HACKER Q&A
📣 devstein

Best Embedding Models?


Hey HN, which embedding models are people using? There has been so much development around foundational LLMs, but haven't seen much news about embedding models.


  👤 rapatel0 Accepted Answer ✓
I've liked qwen and embeddinggemma for local search. Qwen because 32K is enough to basically fit a whole page into the context window and embeddiggemma because it's crazy efficient.

👤 jayshah5696
embeddings are easy to fine tune.

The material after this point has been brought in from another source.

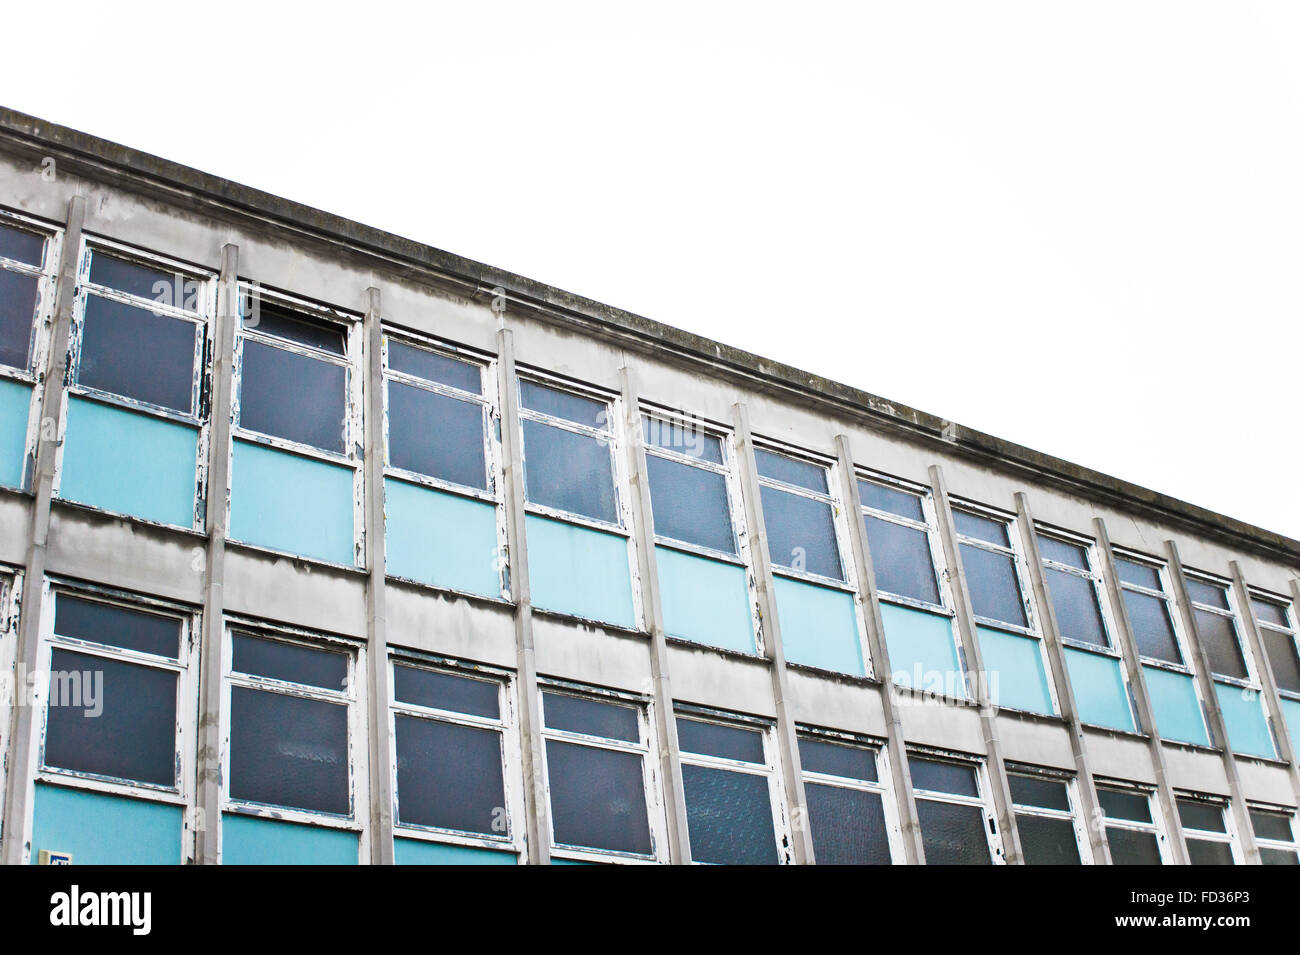 Part of a derelict office building in the UK Stock Photo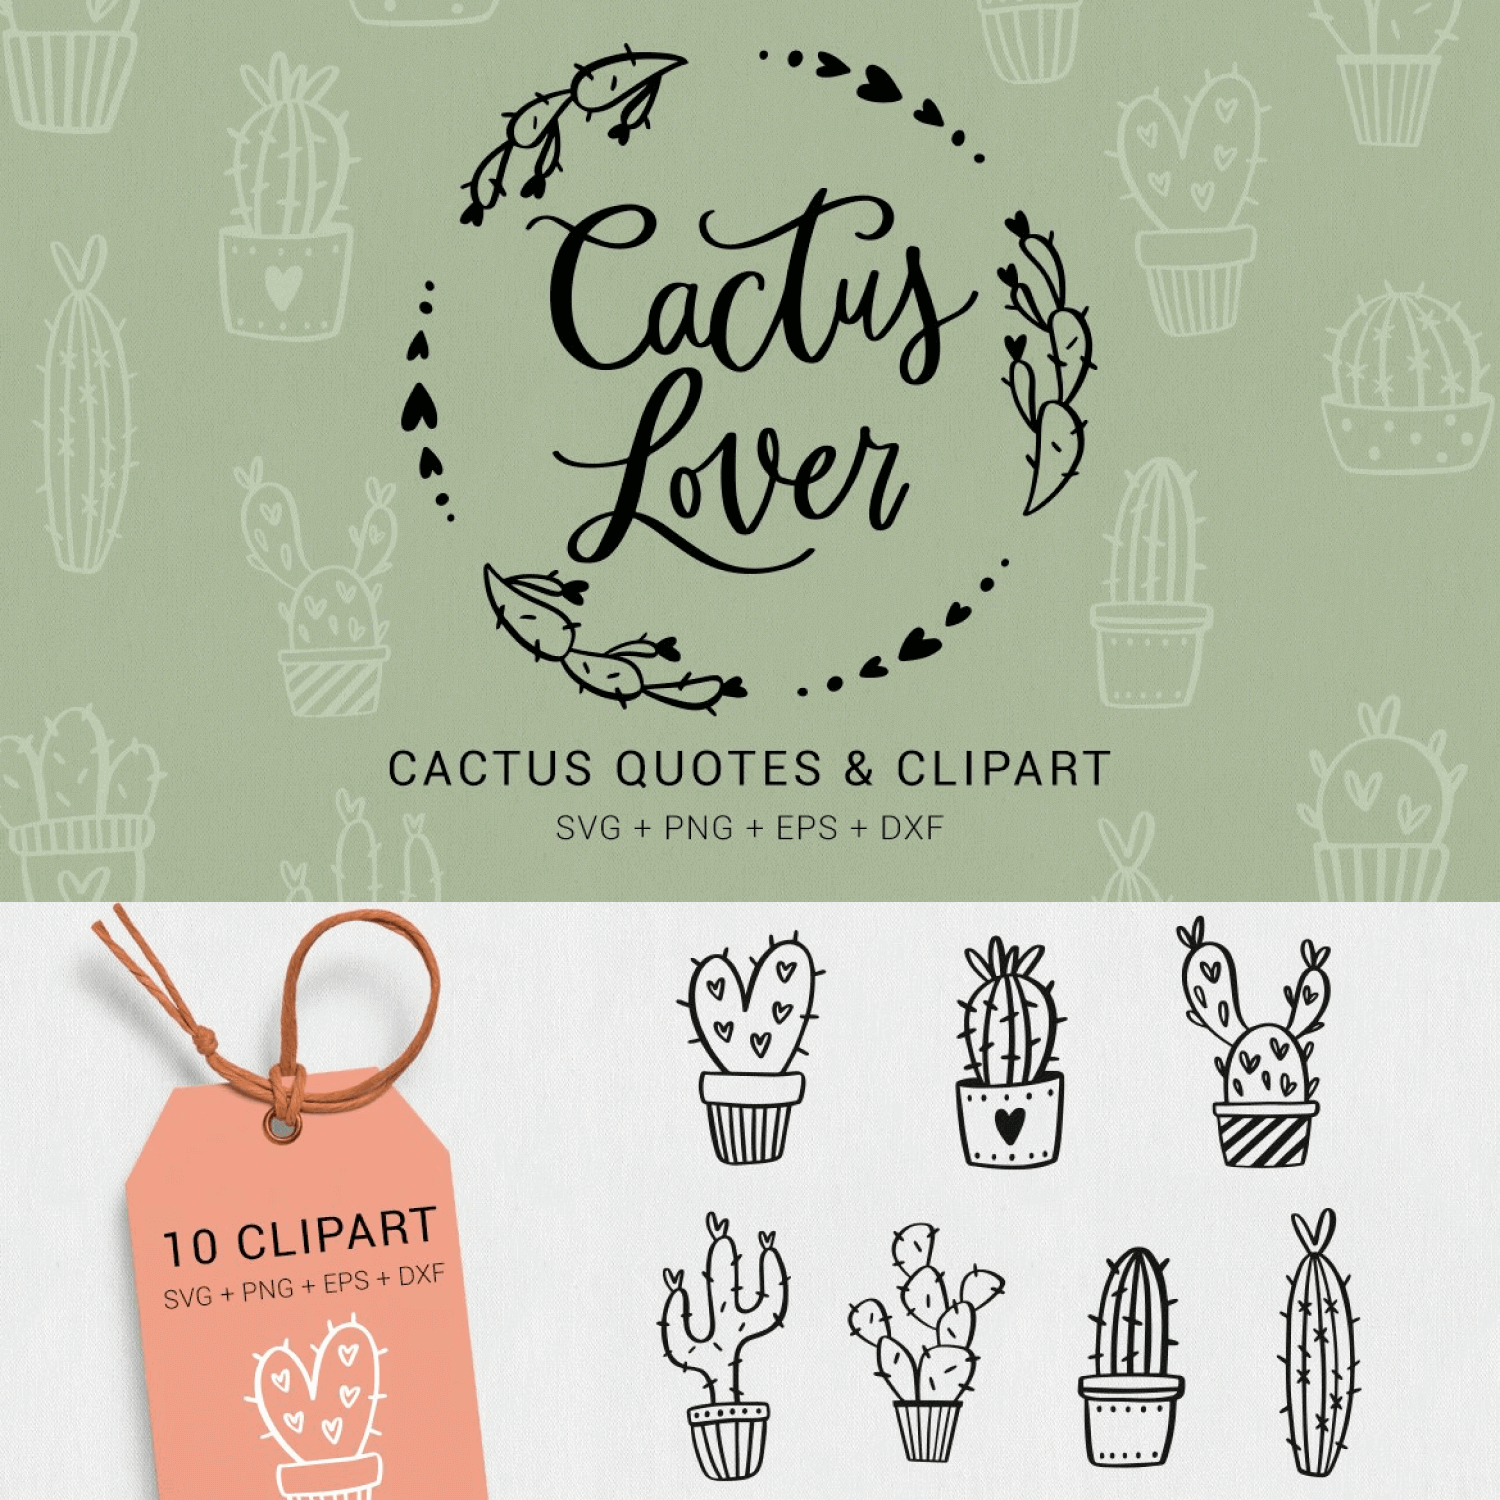 10 Clipart of Cactus Lover.

Try modern bert.

👤 PhilippGille
Benchmarks only paint part of the picture, but it's still a decent place to start looking into recent models:

https://huggingface.co/spaces/mteb/leaderboard


👤 didgeoridoo
I’m partial to jina.ai — they have open models for code and prose, all easily runnable locally.

👤 LogicCraft678
Feels like embeddings are underrated compared to LLM's hype, but they doing great.

👤 halvorbuilds
gemma4

👤 frederickabrah
who knows a tool for rug check in crypto

👤 emschwartz
I’ve been using MixedBread, which is a pretty old model at this point. Recently, I tried comparing it to some newer models and was disappointed that the results weren’t dramatically and uniformly better.

You probably can’t go wrong if you pick a recent one that scores decently well on benchmarks and is at the right price point (or memory requirement) for whatever you’re trying to do.